Updated on June 5, 2013

When you or a loved one are in need of hospice care, it is important to know how to choose a provider, when to start the service, and how the care will be paid for. There are generally four types of payors for hospice care: Medicare, Medicaid, Private Third Party Insurance, and Private Pay.

Medicare Part A Pays for Hospice

The red, white and blue Medicare card pays for hospice care whether the care is provided at home, in a nursing facility, adult group home, or family members' home. By presenting your Medicare card to your hospice provider at the time of starting services (hospice admission), the hospice will bill Medicare for all care and services that are provided to you.

According to the most recent data from the National Hospice and Palliative Care Organization (NHPCO), almost 85% of hospice care in the USA is paid for by Medicare. Hospice care is completely paid for by the red, white and blue card. If you have questions about what is provided for Medicare recipients by hospice, click here for more information.


Medicaid Pays for Hospice in Some States

Medicaid is a state managed healthcare insurance program that provides benefits for impoverished children and adults. Because Medicaid is a state program it is up to each state to determine if a benefit for hospice is provided. In the event you or a loved one are in need of hospice care, it is best to contact either your physician or your hospice of choice. These healthcare providers will be able to assist you in determining if Medicaid pays for hospice in your state. Annually, about 5% of all hospice care provided is paid for by Medicaid.

Private Third Party Insurance May Pay for Hospice

If you have major medical insurance, you may have benefits for hospice care. More than 7% of hospice care provided each year is paid for by private third party insurers. It is important to know and understand your benefits before beginning hospice care.
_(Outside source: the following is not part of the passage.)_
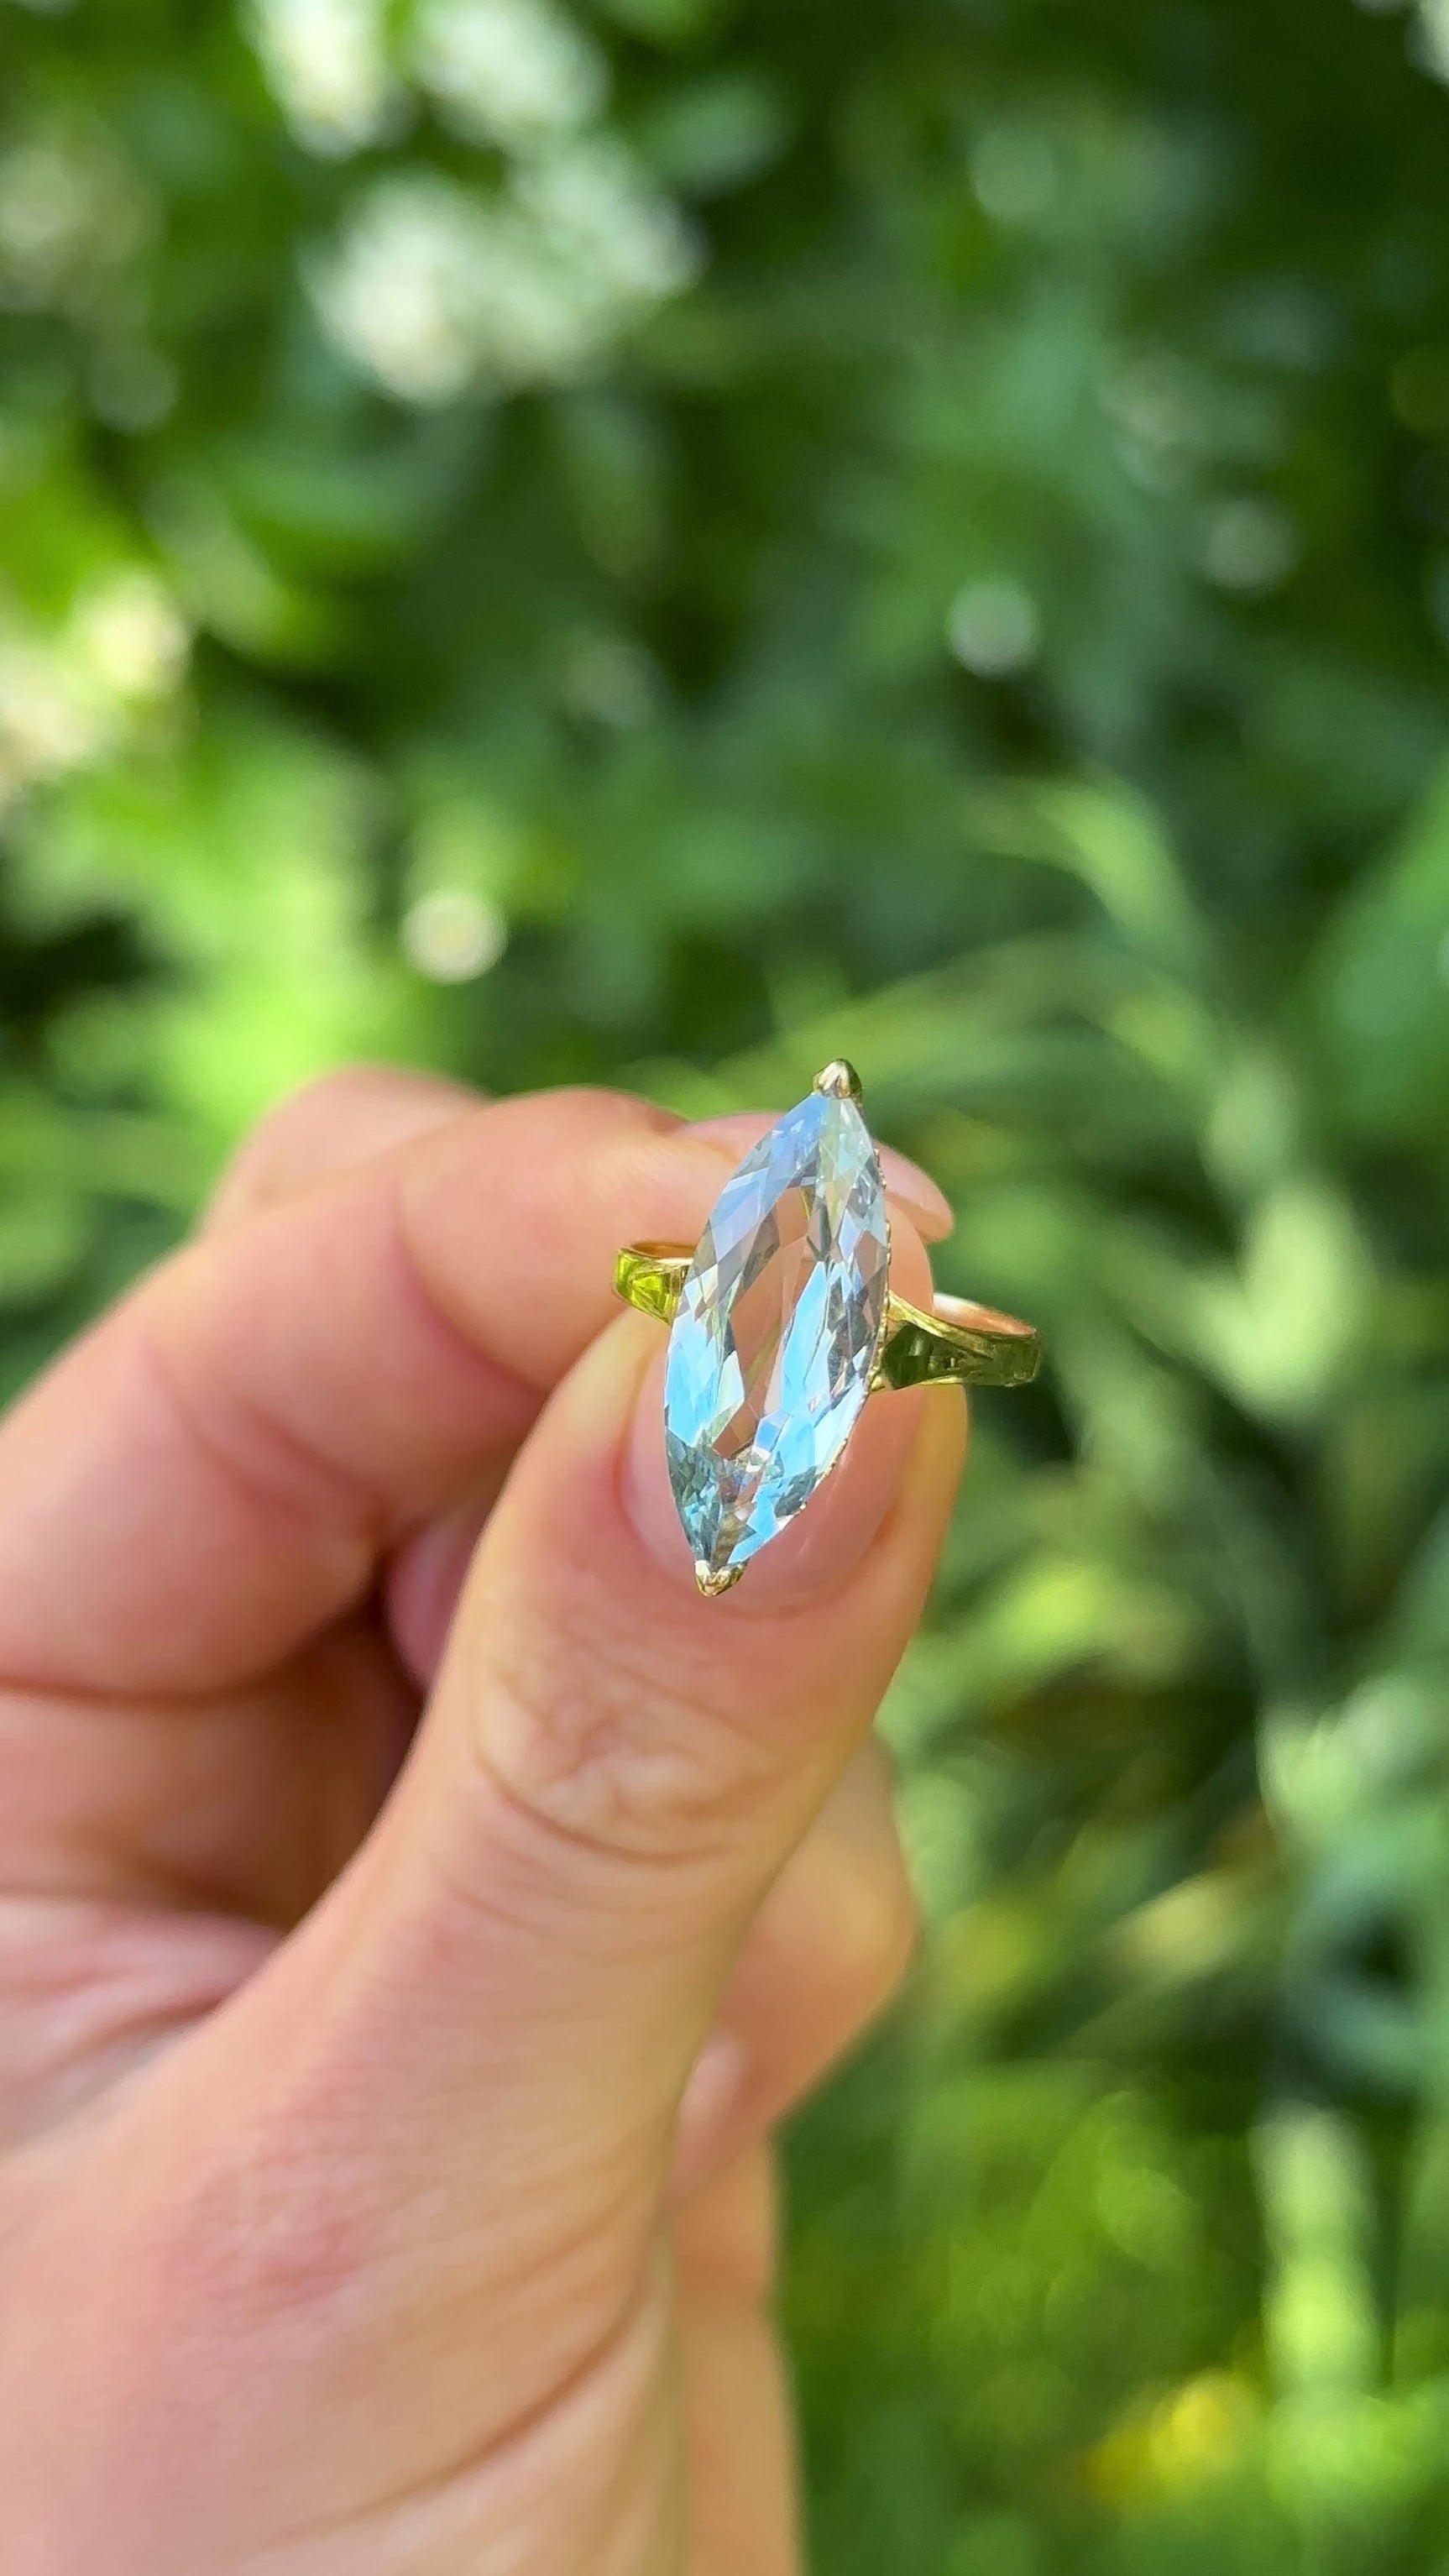 Antique Marquise-cut Aquamarine Ring, 18ct Yellow Gold held in fingers.

If you or a loved one have been diagnosed with a terminal illness or a chronic illness has reached its final stages, you should contact your insurance provider to confirm benefits available for hospice. If you have difficulty with that, you may contact a local hospice provider. The hospice provider can talk with your insurance company with your permission to determine whether or not you have benefits for hospice and what limitations, co-pays, or deductibles may be required.
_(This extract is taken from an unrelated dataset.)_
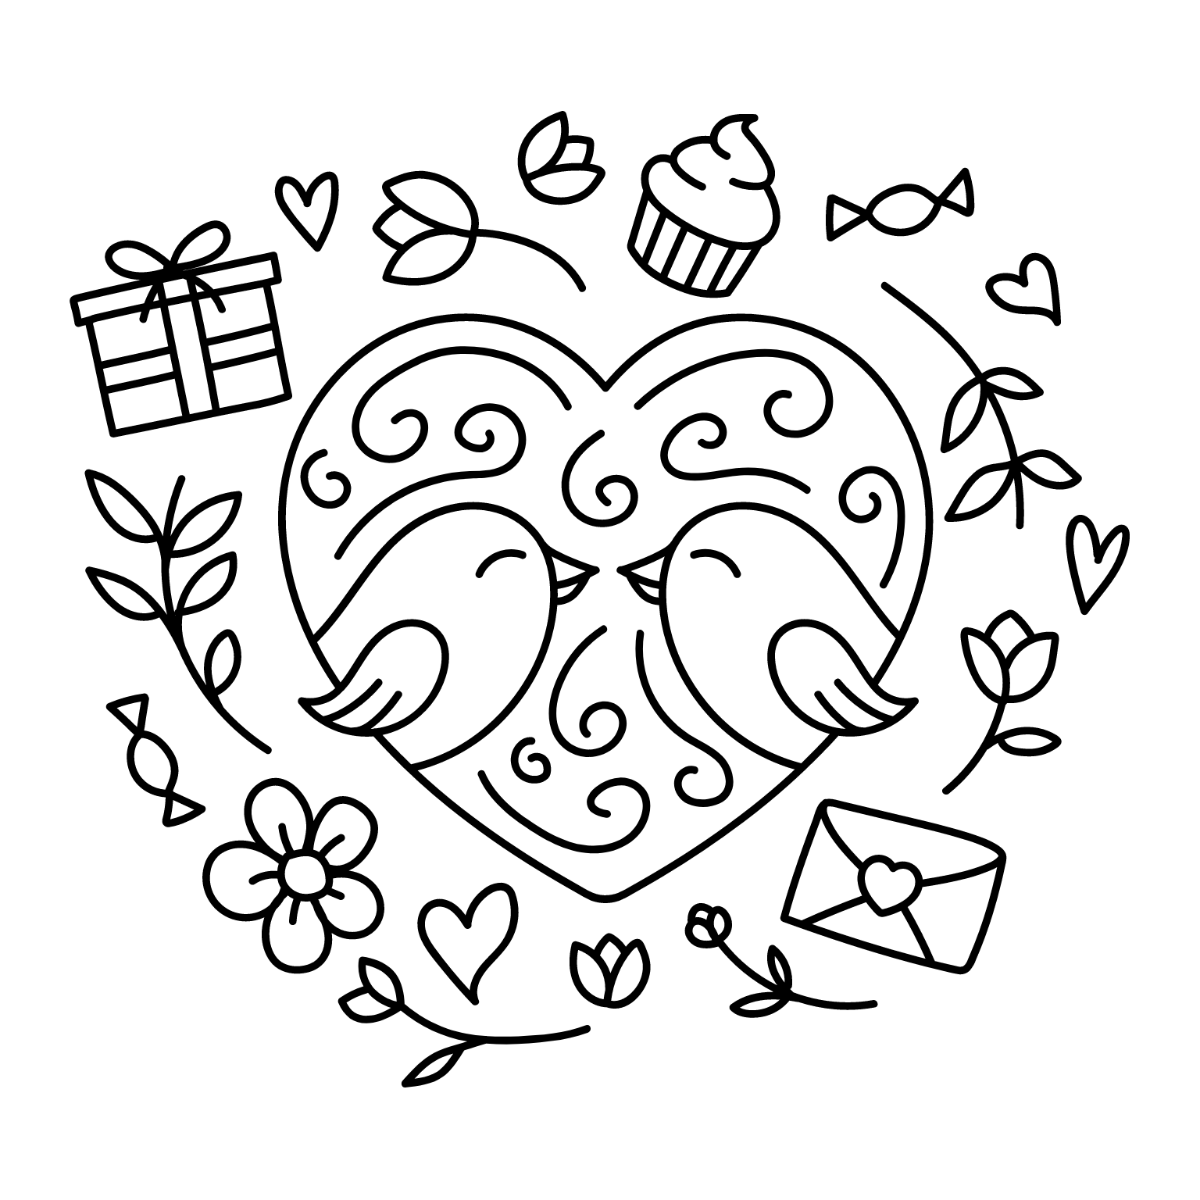 Free Love Doodle Vector Template

Typically, hospice benefits provided by private third party insurers are the same as those provided by Medicare. These insurance programs generally have a 6 month benefit limit that cannot be extended. So, the timing of the referral to hospice is important from both a health and financial standpoint. My best advice here is to refer to hospice sooner rather than later. If the hospice benefit provided by your insurance exhausts before the time of death, continuation of necessary care can begin on a private pay basis.
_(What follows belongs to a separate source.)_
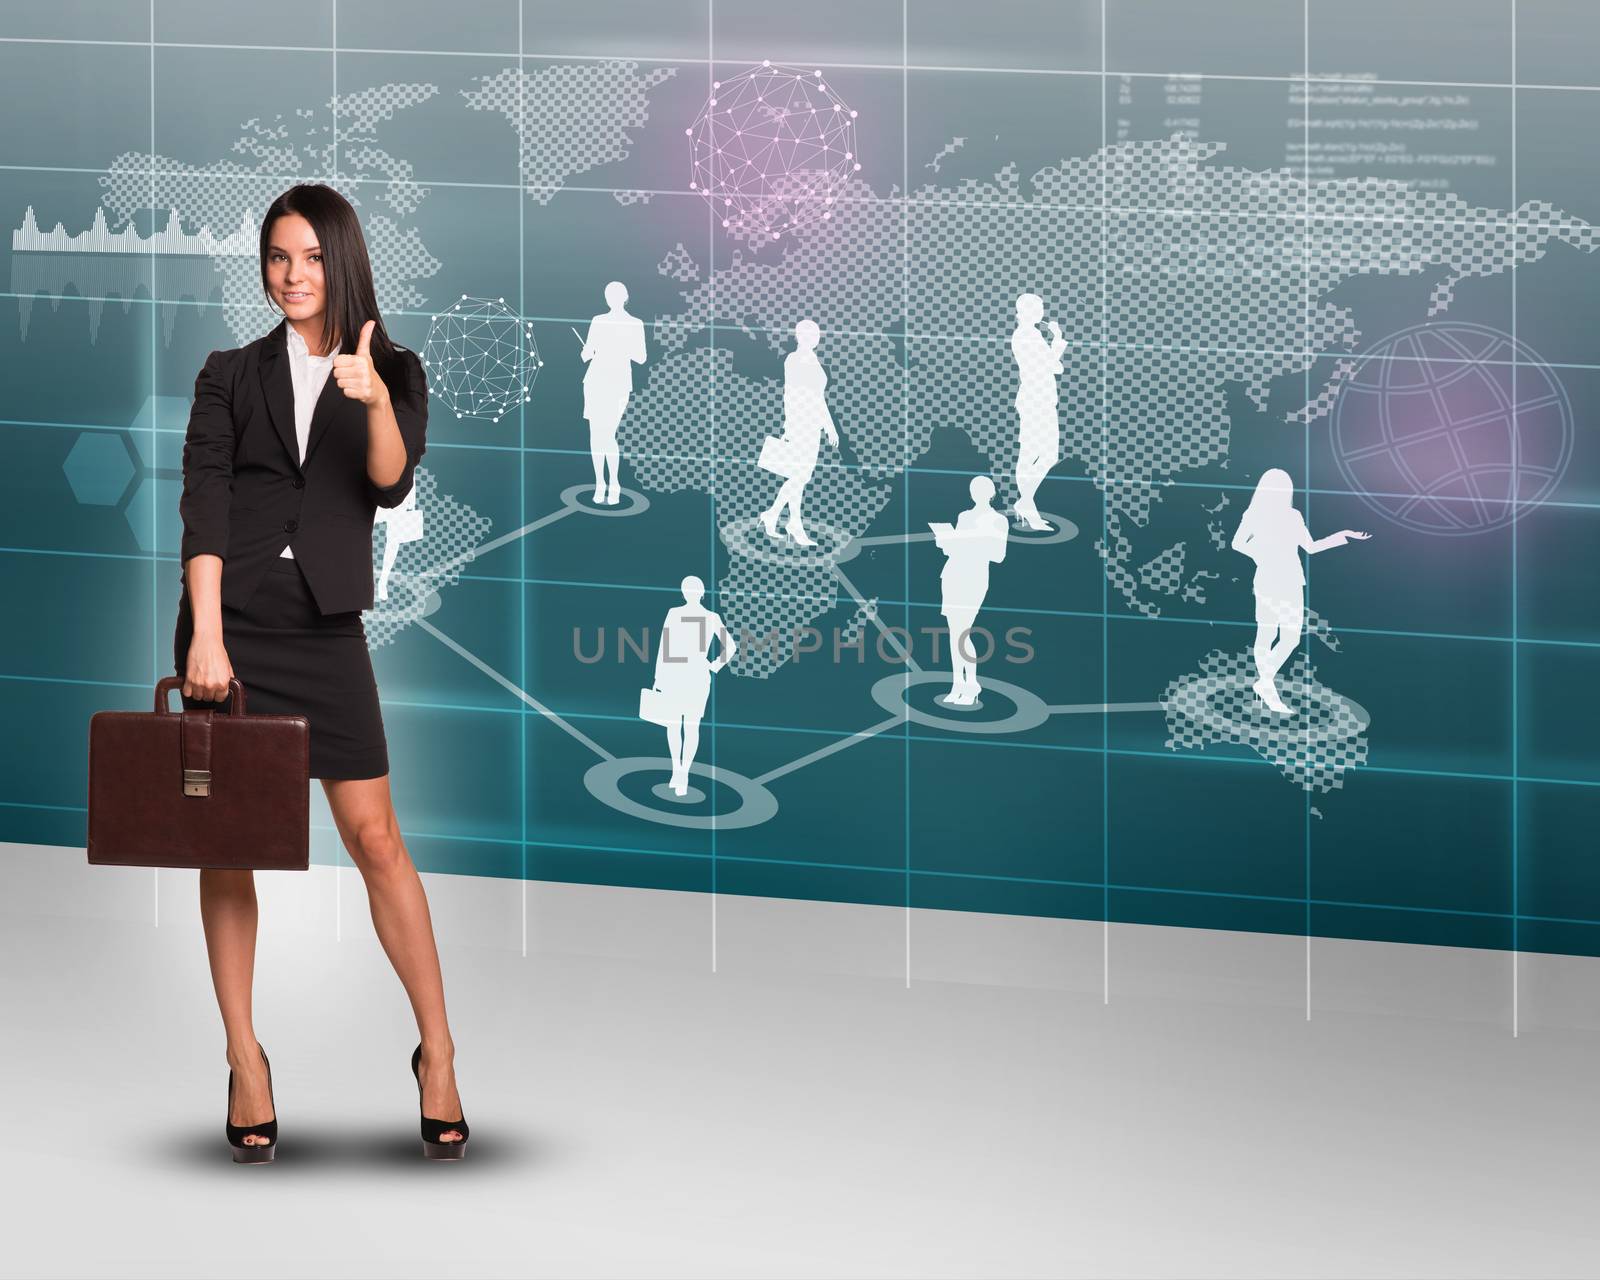 Businesswoman with suitcase showing ok on abstract background with world map

Hospice care can be a great support to patients and families.  Find out if your health insurance provides a hospice benefit.
Hospice care can be a great support to patients and families. Find out if your health insurance provides a hospice benefit. | Source

Pay for Hospice Care Privately

For those who are not insured by Medicare, Medicaid or private third party insurance there is always an option to pay for hospice services privately. Annually, 1% of hospice care provided is paid for on a private basis. Hospice providers will typically make arrangements with patients and families to provide care under this financial arrangement. The cost of care will vary from one organization to another. If you are in need of hospice care for yourself or a loved one and do not have insurance, contact a local hospice agency and ask about private pay arrangements.